## [GIVEN INFORMATION]
:::

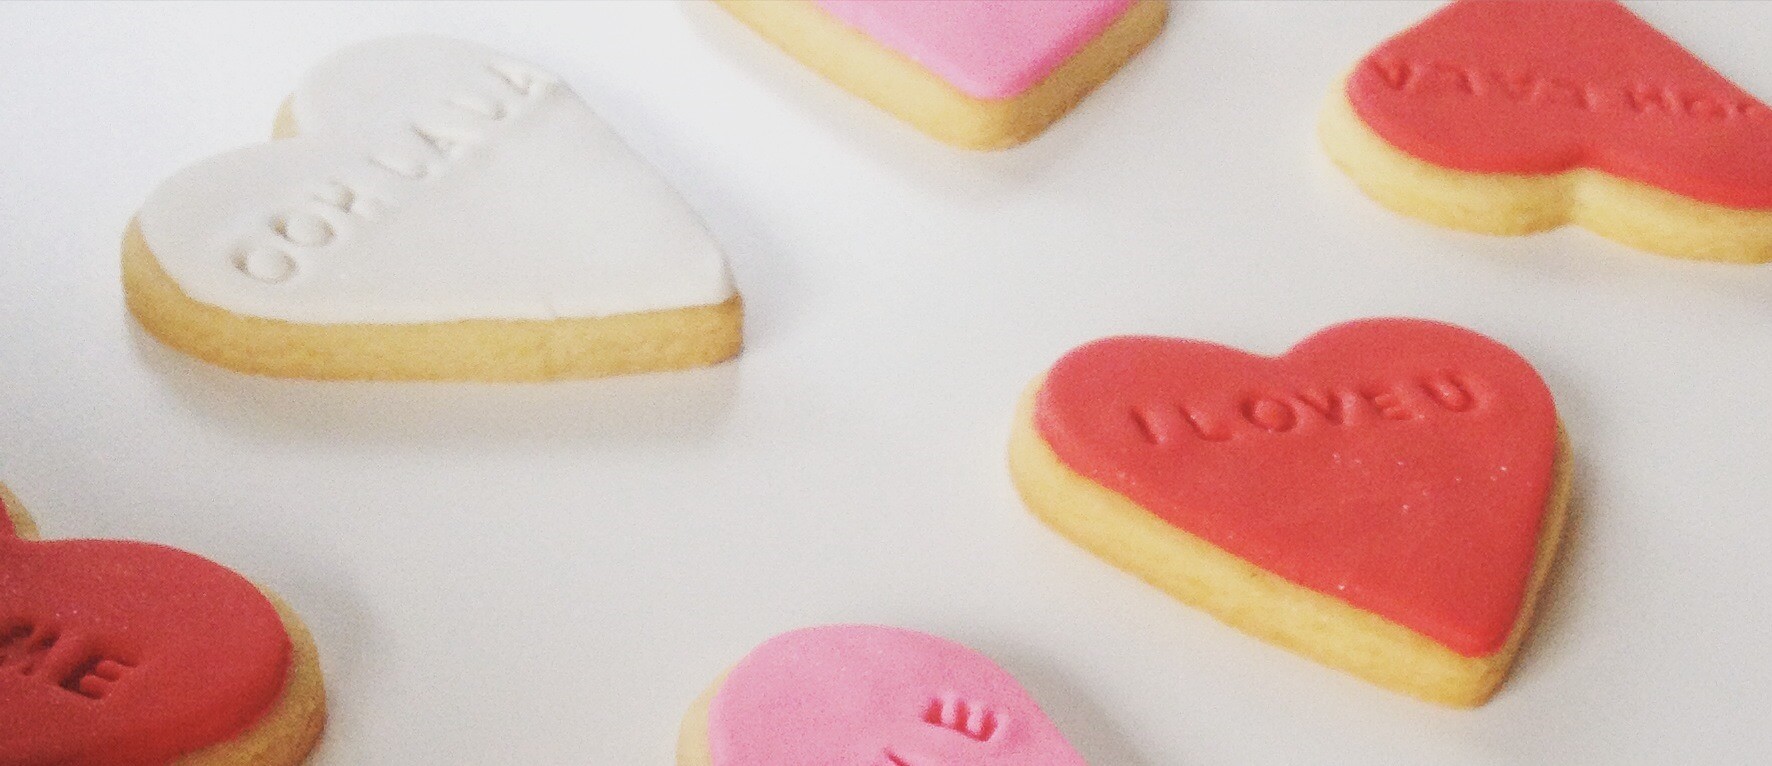 Romantic biscuits for Valentine's Day from Chez Nous Corporate Catering. Love heart shapes with romantic words on it.
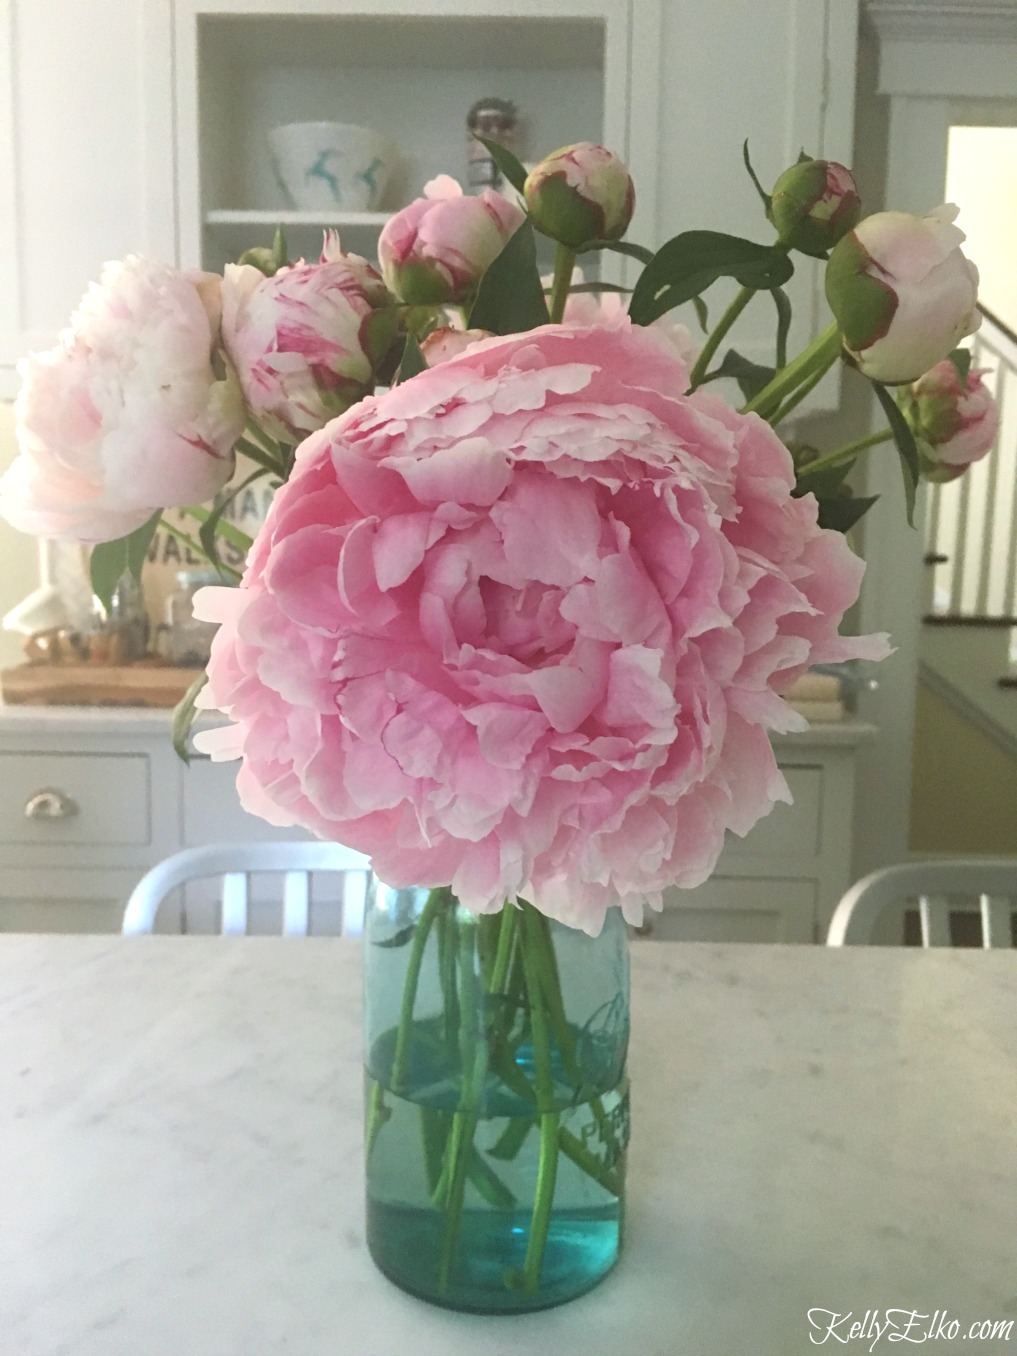 Pink peonies in a mason jar - get tips for planting peonies so they bloom kellyelko.com
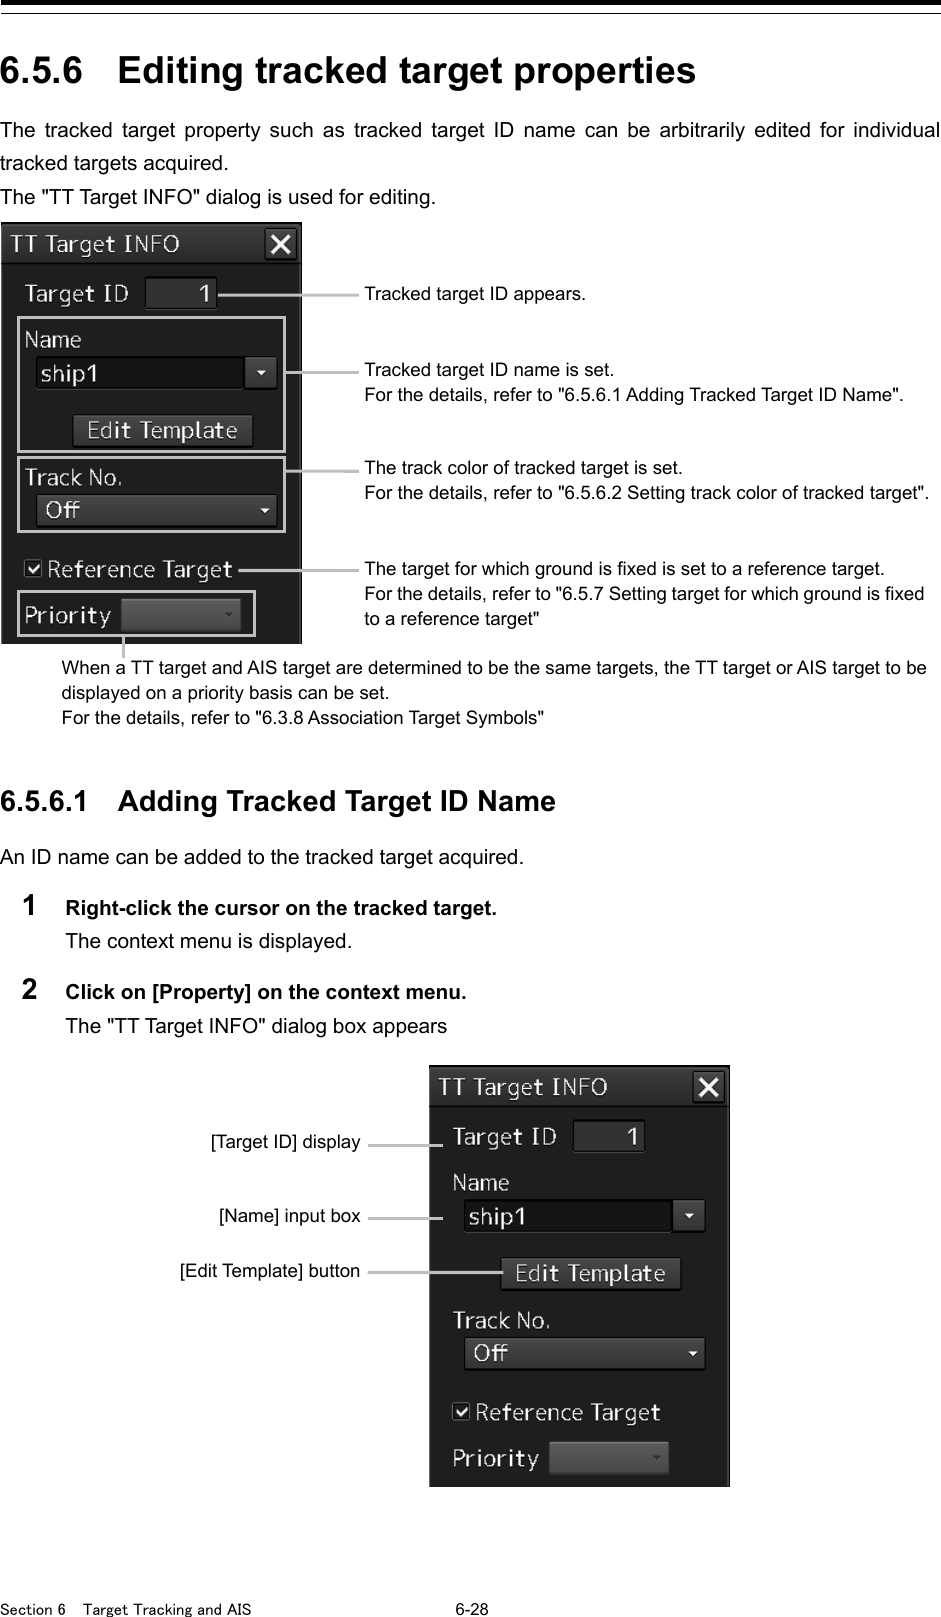  Section 6  Target Tracking and AIS 6-28  6.5.6 Editing tracked target properties The tracked target property such as tracked target ID name can be arbitrarily edited for individual tracked targets acquired. The &quot;TT Target INFO&quot; dialog is used for editing.   6.5.6.1 Adding Tracked Target ID Name An ID name can be added to the tracked target acquired. 1  Right-click the cursor on the tracked target. The context menu is displayed. 2  Click on [Property] on the context menu. The &quot;TT Target INFO&quot; dialog box appears     [Target ID] display [Name] input box [Edit Template] button  Tracked target ID appears. Tracked target ID name is set. For the details, refer to &quot;6.5.6.1 Adding Tracked Target ID Name&quot;.  The track color of tracked target is set. For the details, refer to &quot;6.5.6.2 Setting track color of tracked target&quot;. The target for which ground is fixed is set to a reference target. For the details, refer to &quot;6.5.7 Setting target for which ground is fixed to a reference target&quot;  When a TT target and AIS target are determined to be the same targets, the TT target or AIS target to be displayed on a priority basis can be set. For the details, refer to &quot;6.3.8 Association Target Symbols&quot; 
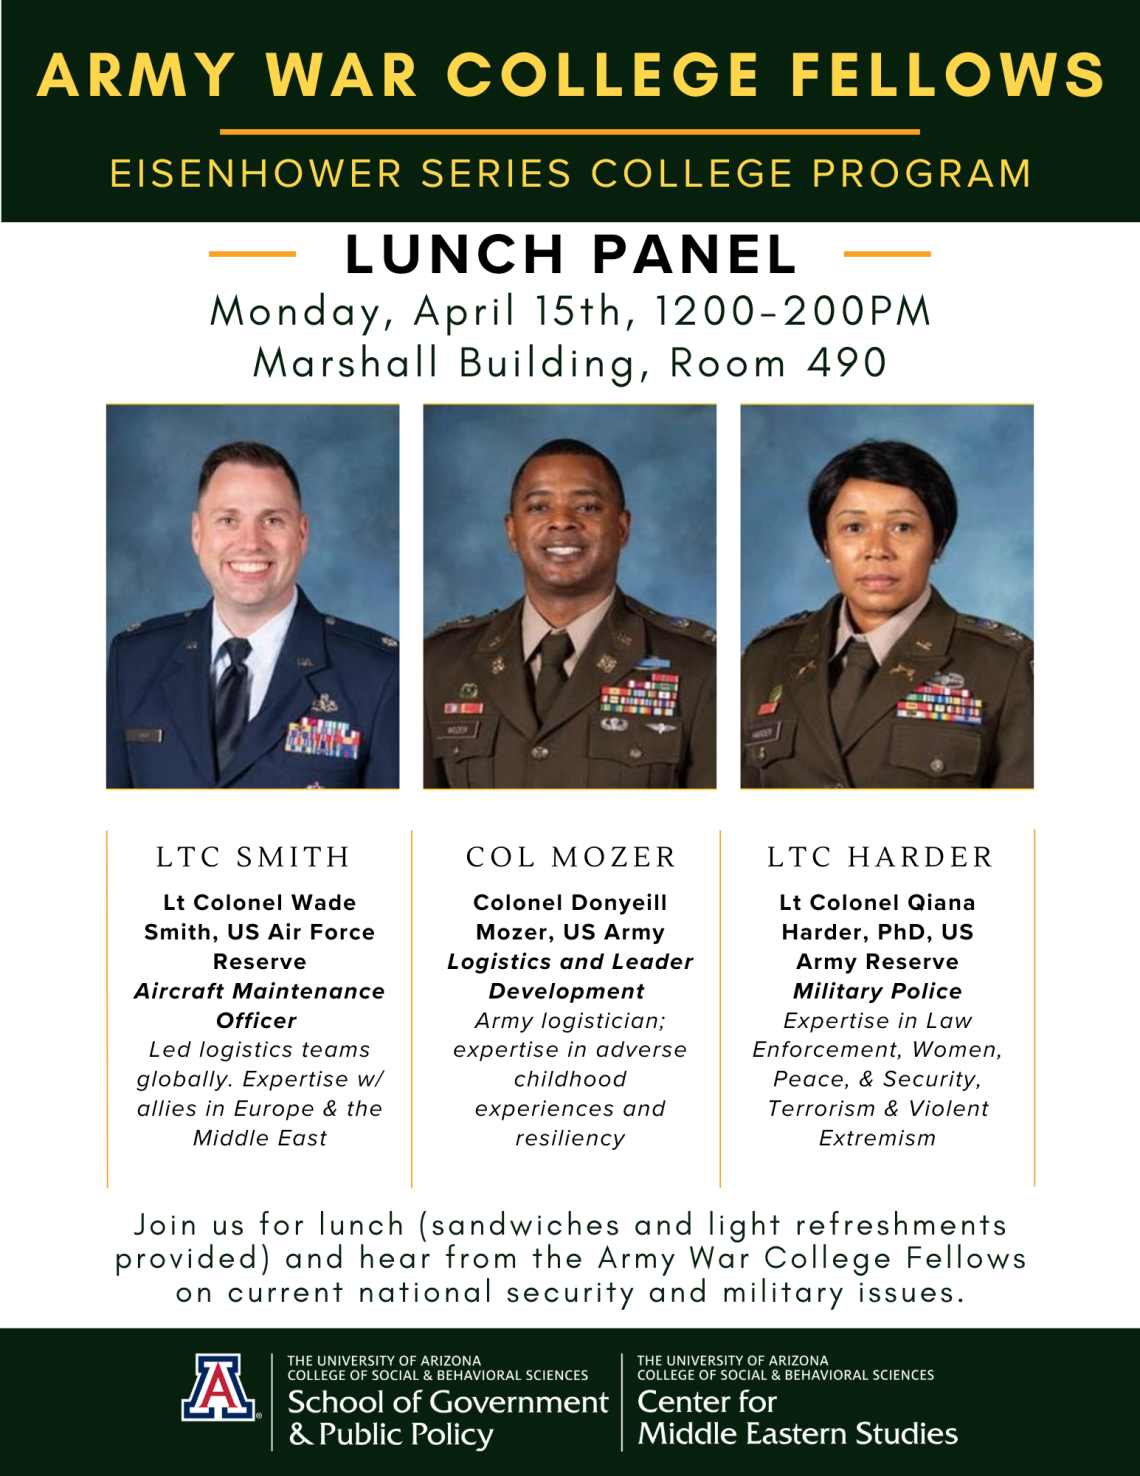 Army War College Fellows Lunch Panel, Event Flyer, Monday April 15th, 12-2PM, Marshall building Room 490

:::

Give exactly those lines of the listing that run from its first line through the line with "Pink peonies in", leaving each picture out.

## [OUTPUT FOR THIS TASK]
 Romantic biscuits for Valentine's Day from Chez Nous Corporate Catering. Love heart shapes with romantic words on it.
 Pink peonies in a mason jar - get tips for planting peonies so they bloom kellyelko.com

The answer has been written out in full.